Behanzin
Béhanzin (Gbêhanzin) born in 1844 and died in 1906), or Bédazin Boaijéré Honu Bowelé, is traditionally it twelfth of the twelve kings of the Dahomey. It reigned of 1890 with 1894) and fought against the process of colonial expansion in its kingdom. He was married with 12 women and have probably more than 50 children.
He is crowned on January 6th, 1890, after the death of his father, the king Da-Da Glélé Kini-Kini, on December 30th, 1889, after 40 years of reign. Its combat against the French troops ordered by the general Alfred Dodds (1892 -1894) ends on January 25th, 1894 when it signs his rendering.

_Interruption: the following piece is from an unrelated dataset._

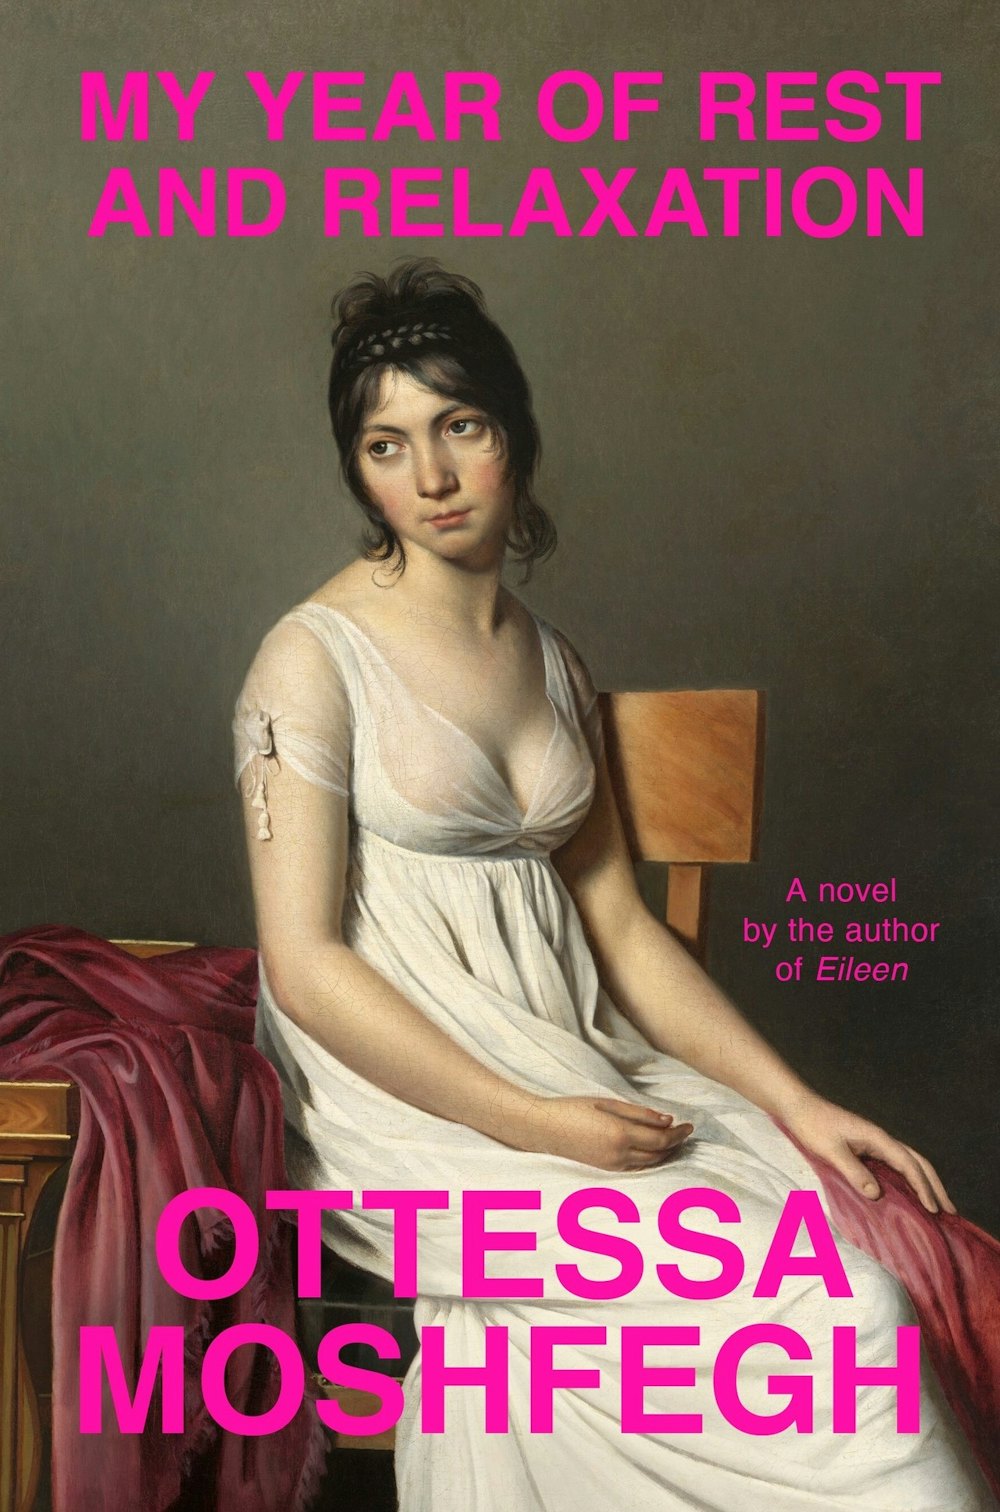 "My Year of Rest and Relaxation" by Ottessa Moshfegh 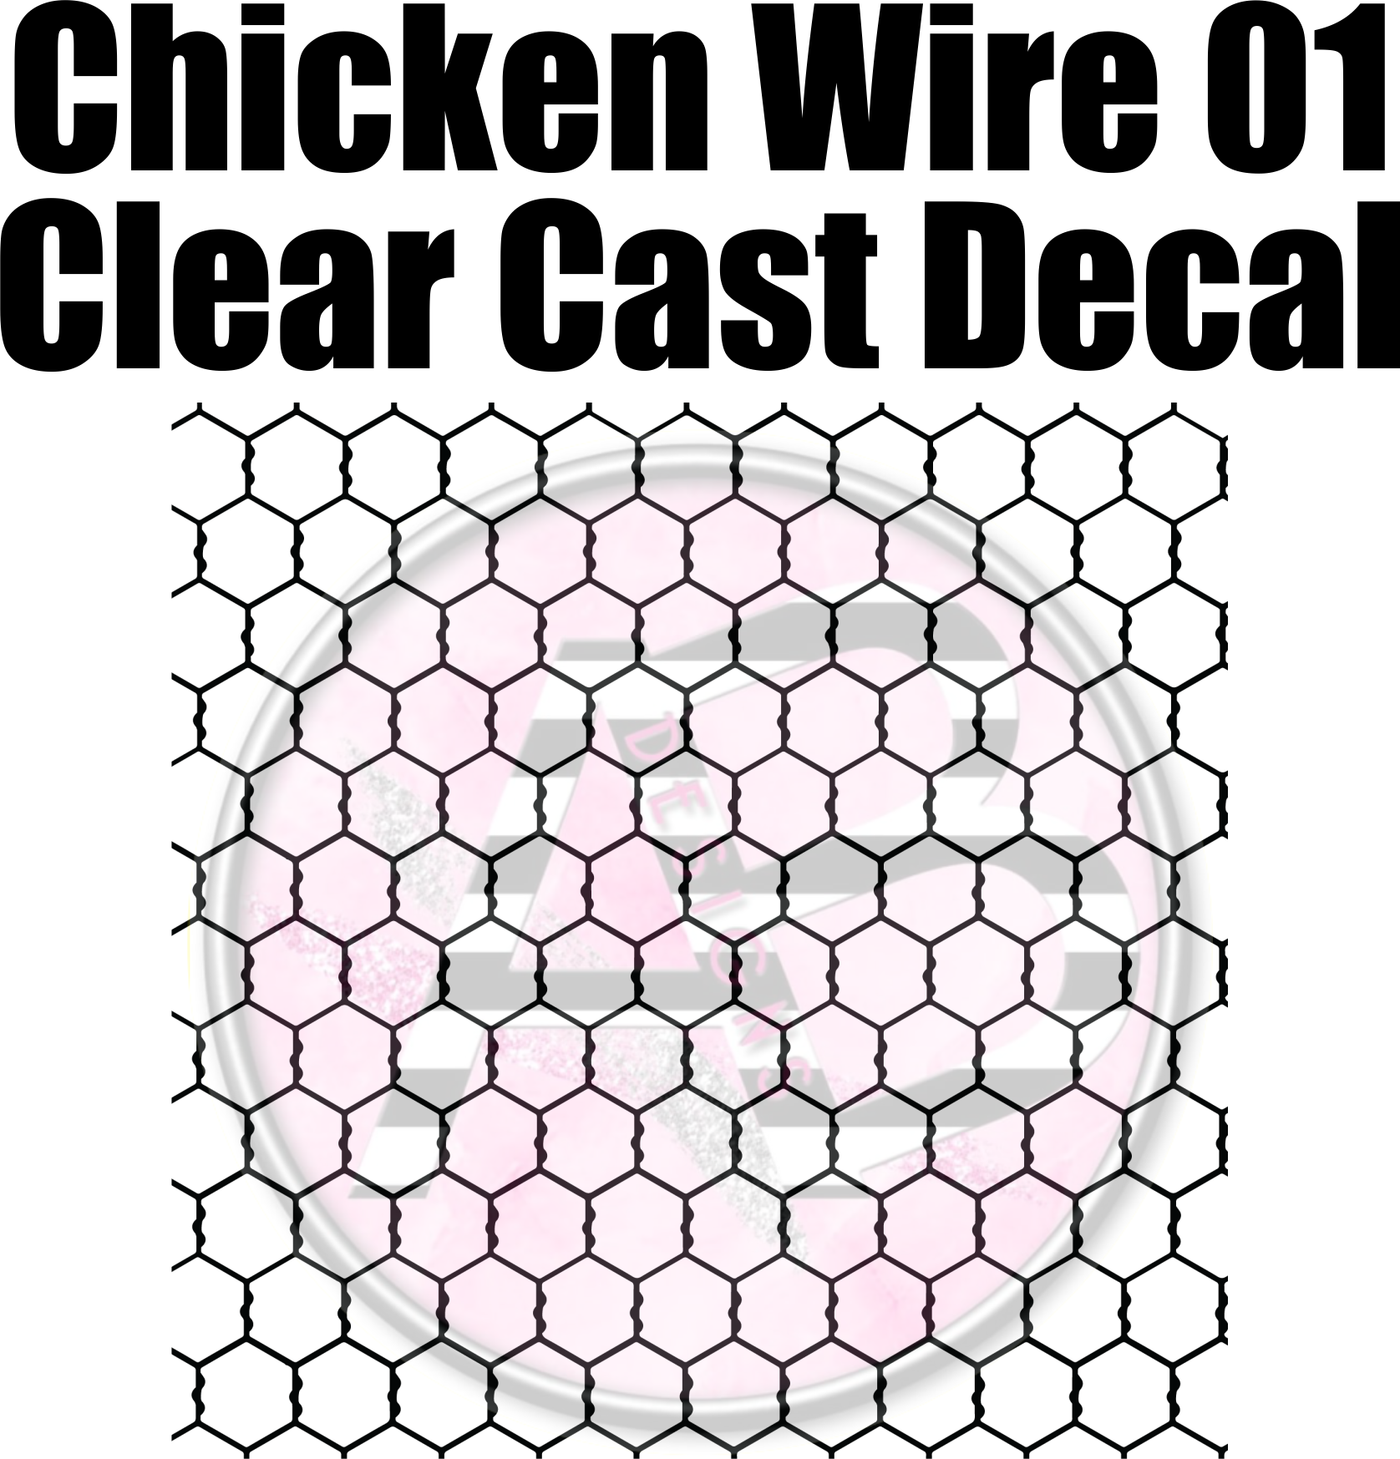 Chicken Wire Full Sheet 12 x 12 Clear Cast Decal

March 30th, 1894, Béhanzin is off-set by the French authorities on the island of the Martinique where, with its family and her continuation, it resides Tartenson at the height. “The Shark” leaves Martinique in 1906 and dies in Algérie, a few months later. Its skin finds the ancestral ground in 1928.
The message marking of its anti-colonial action is represented by its statue, set up on the Goho place with Abomey with the Bénin (in the past Danhomè or kingdom of Dahomey): this statue represents Béhanzin, its pipe with the mouth, draped in its royal loincloth, the helping hand forwards intimating the stop. This monument being at the entry of the town of Abomey, represents resistance vis-a-vis the colonist as well as the refusal to leave its fatherland to the hands from abroad. Its determination and its message-will at the place of the Benineses of today are symbolized by this sentence that one allots to him: " The Shark symbol of Bénhanzin goes. But, the wire of the Shark will not betray pas".